I replayed emperor tomato ketchup at the weekend just to see if i was neglecting a lost classic in my collection. it's good - especially the opener and noise of carpet - but it still fails to move me. Ping Pong remains classic because of the way it offset that diddly pop tune with a marxist analysis in the lyrics.

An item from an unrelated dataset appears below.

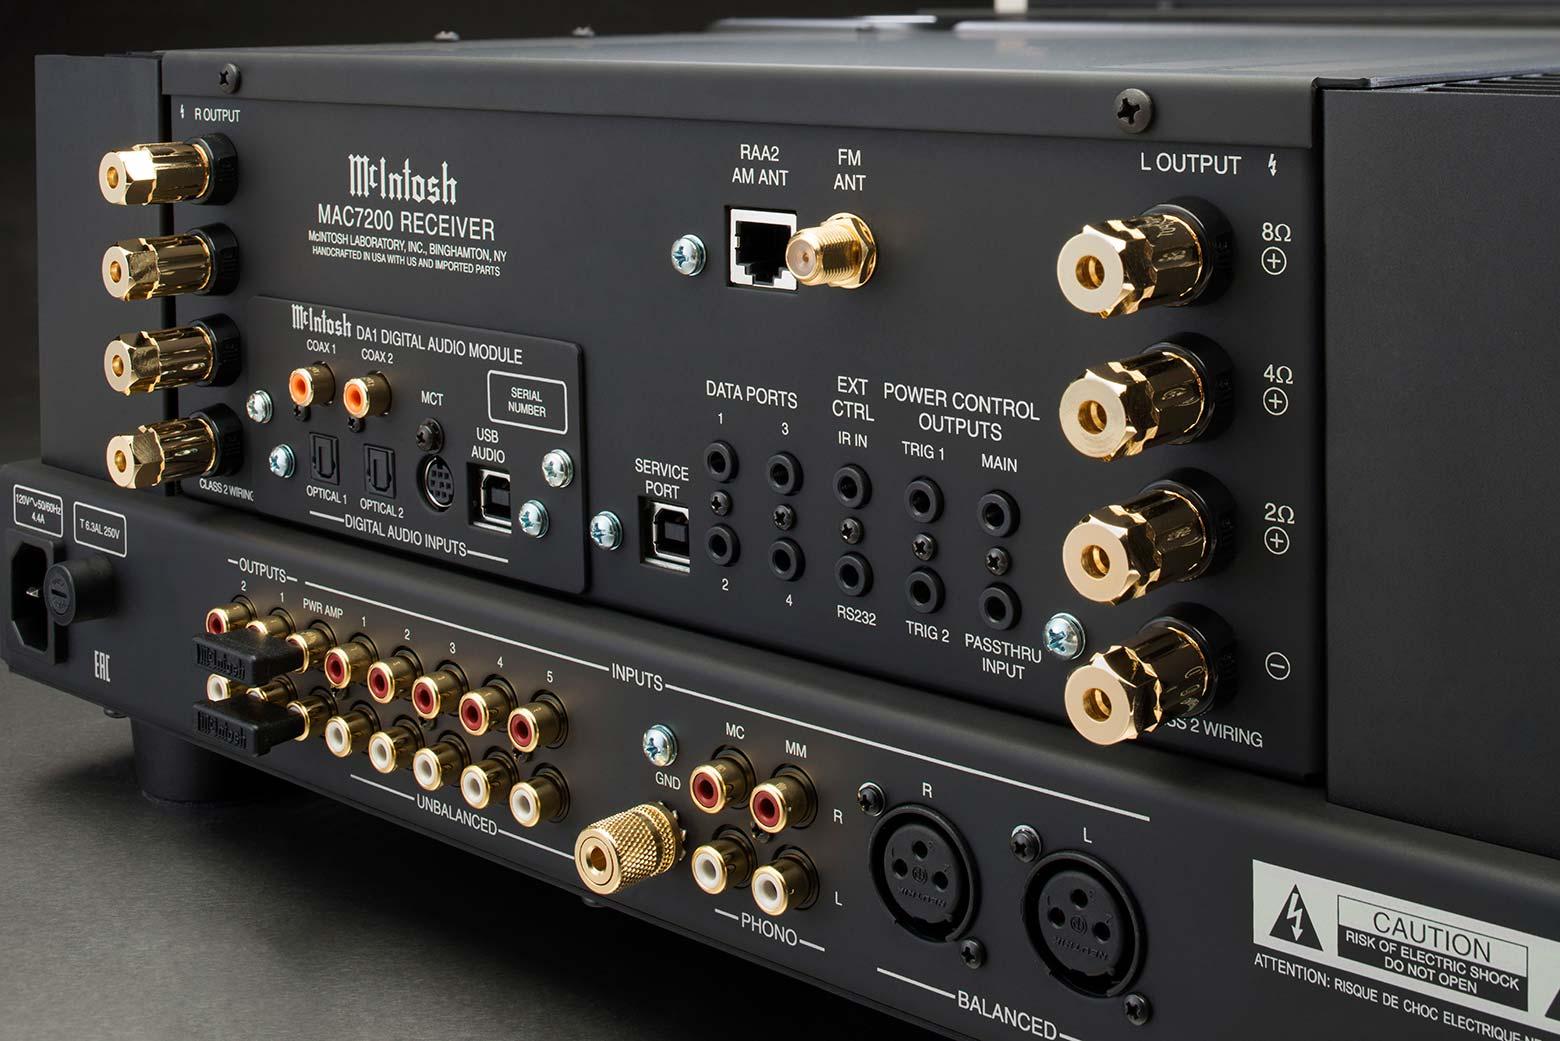 McIntosh MAC7200 Stereo Receiver

dr x o'skeleton, Monday, 16 January 2006 15:37 (eighteen years ago) link

two months pass...
I've been listening to Cobra and Phases Group a bit lately, and I'm liking it better than I remembered it. (Also, complaints about an album's length = duddest of all dud criticisms. If it's good, then who cares how long it is? Just listen to as much as you want to, and then turn it off! That's what I do.)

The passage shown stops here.